David Teitel – CFO, VP and Treasurer: Sure. So Asia, the business outside the rest of the world business, continues to grow quite nicely. We saw growth in the U.S. ex-flu, ex the Triage situation, so the business is reasonably stable and growing in many of the markets it has historically grown in. The European market was down slightly year-over-year on an adjusted basis, but we feel better about Europe over the past couple of quarters. We see some stability there and certainly have seen better operating income contribution in Europe. I alluded earlier that Toxicology business year-over-year was impacted by the Triage situation, but was also impacted by the pricing change we made at the beginning of the second quarter of a year ago which anniversaried this year in the pain and rehab businesses. Our sample volume in that business was up quite strongly. I think we are up about 18% year-over-year from a sample volume standpoint, which is encouraging, but the impact of the pricing change, if you exclude that, our overall organic growth rate was about 4% in the quarter, which on an overall basis, is sort of more in line with we’ve historically been. So those were the highlights in the quarter…
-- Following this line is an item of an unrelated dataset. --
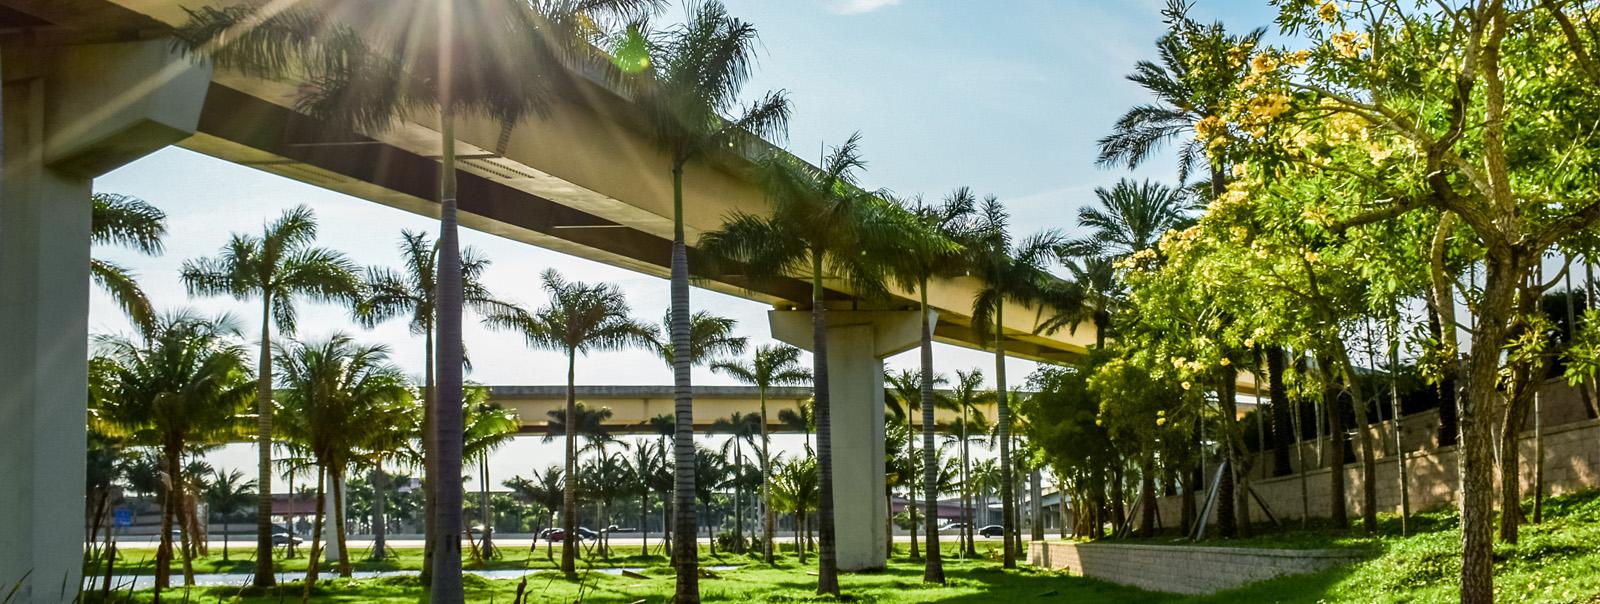 scenic-florida-bridge

Gregory Simpson – Wunderlich Securities: Ron, you talked about – I don’t think of violating your focus on the Q1 dynamics here, but you talked about the ongoing process of potential divestitures, non-core businesses things like that. Is that focused primarily on the health information, assets or is – I know you guys consider Toxicology a core business at this point and specifically because of the EBITDA, but the shareholder or the letter you received or they came out last night brings up an interesting point about the tax implications and things like that. And I know the big game you would incur if you were to sell Toxicology has always been certainly an impediment to the sale of that business. That’s a significant I guess chunk of value that the street hasn’t recognized in terms of the value that Toxicology business. Can you maybe just give a general answer, but maybe talk about kind of the process and what is exactly non-core these days?
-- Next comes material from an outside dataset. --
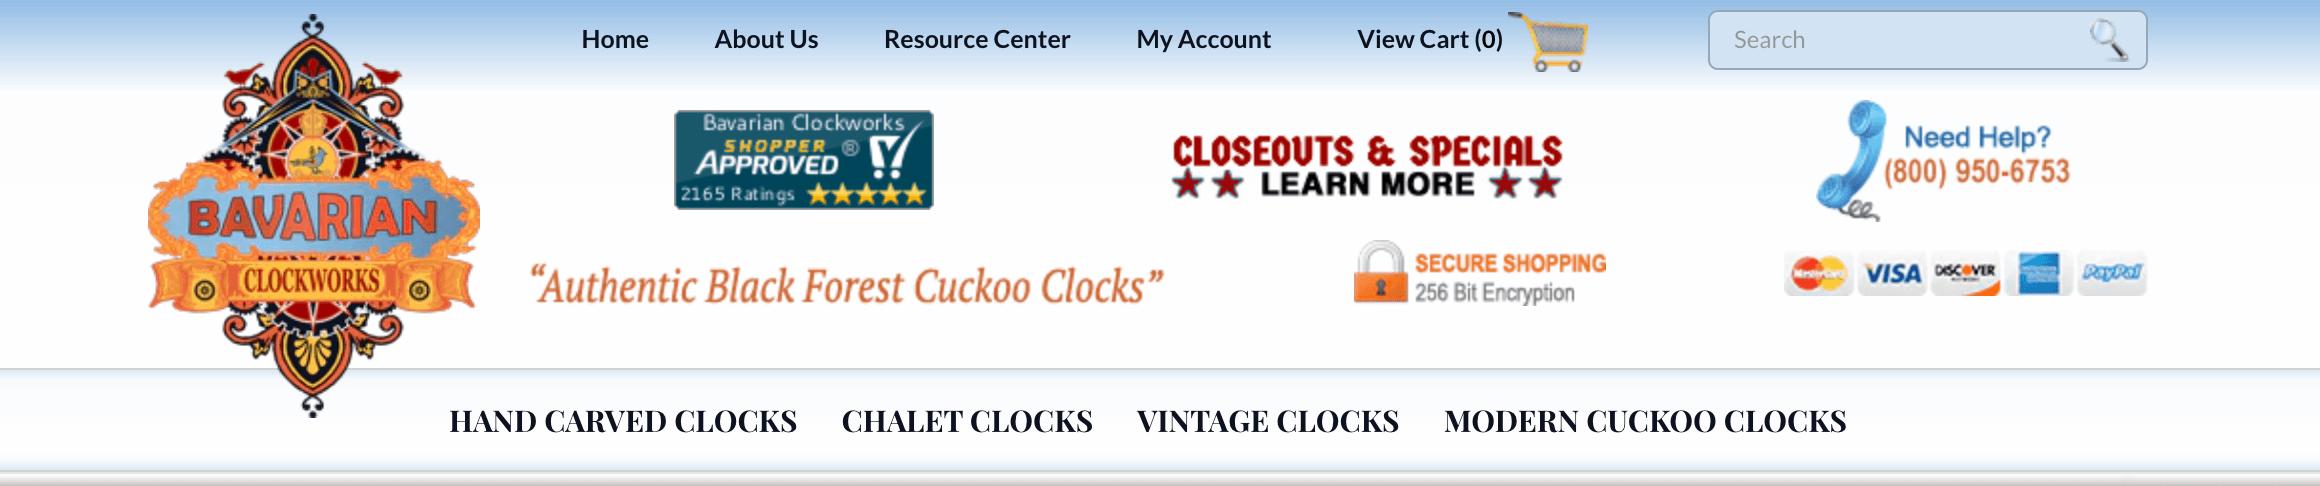 Bavarian Clockworks website

Ron Zwanziger – Chairman, CEO and President: We commented before, Greg, and it really hasn’t changed. We are looking at a number of peripheral businesses all of which are profitable particularly lab-based diagnostics as we build the system. We picked up a number of units which are profitable and are in good shape and we are looking at divesting some of those and there is some of them have some scale. So, there is a whole variety, we are looking at some assets within the Health Information Solutions which are possibly maybe non-core. But to your other sort of more general point we are extremely careful as we do this to make sure that we do it in a tax-efficient way. And that any divestitures we do, we do carefully not to have excessive leakage. Because one of the things you have to be careful of is not to create too much dilution as a result of selling assets. So we’re very careful about how we’re going about the process.
Gregory Simpson – Wunderlich Securities: And just one final one. Namal, good to hear you on the call. Obviously, Ron, your thought on how soon do we maybe start to hear from you guys with respect to specific targets, and it’s two calls in a row now you guys obviously talked about seeing operational improvement and things like that by the end of the year. But I mean, when and kind of what form do you suspect you’ll lay out the specifics of the plans?
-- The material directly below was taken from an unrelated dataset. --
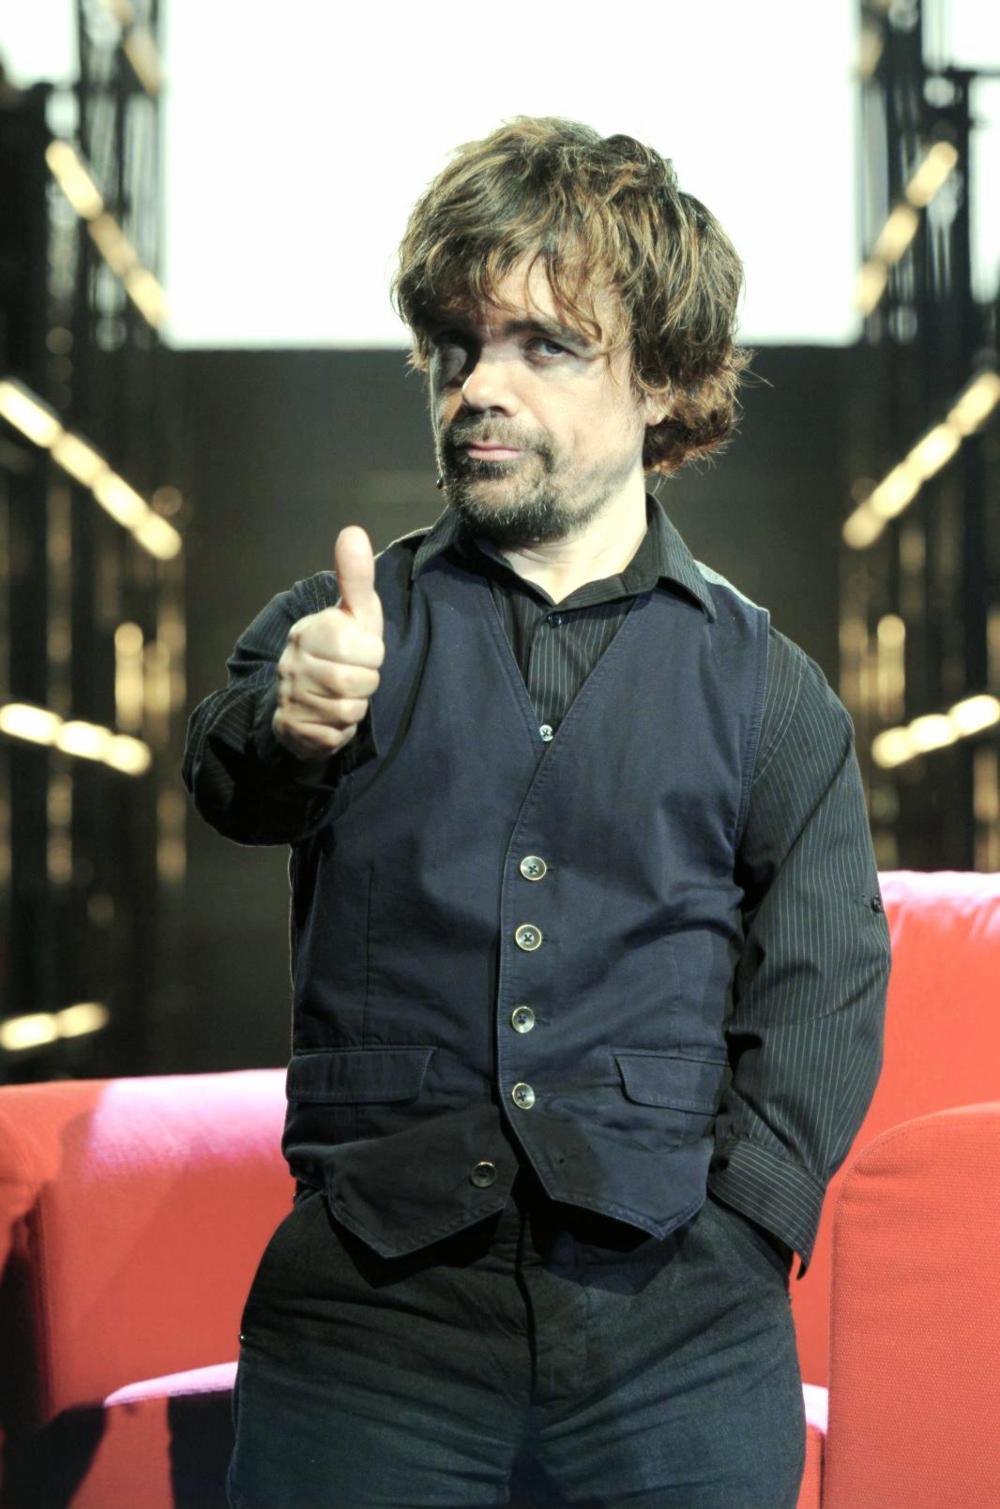 """Peter Hayden Dinklage - o provável ator de televisão mais badalado dos últimos anos. Não é por menos. Seu enorme talento para interpretar o 'peculiar'Tyrion, na série """"Game of Thrones"""" chama atenção. Foram quase 30 indicações para prêmios pelo mesmo papel. E como se não bastasse o carisma e o talento, a cada aparição de Peter, um figurino de primeira. Ternos, camisas, gravatas e sapatos que são pura elegância.Mostrando, mais uma vez, que tamanho, idade (ele completa 46 hoje), raça e opção sexual não são documento."""

Ron Zwanziger – Chairman, CEO and President: Well, we haven’t decided specifically when we would make the specific announcement. I don’t know if you picked up Namal talked about some specifics around the service part and bringing back the profitability. But I think as we make some of the headway and as we get more confident as we — again, our own confidence rises in that, I think then we’ll become more specific. But there should be some significant numbers there.
Gregory Simpson – Wunderlich Securities: I’ll get back online. But Dave, real quick, new product revenues?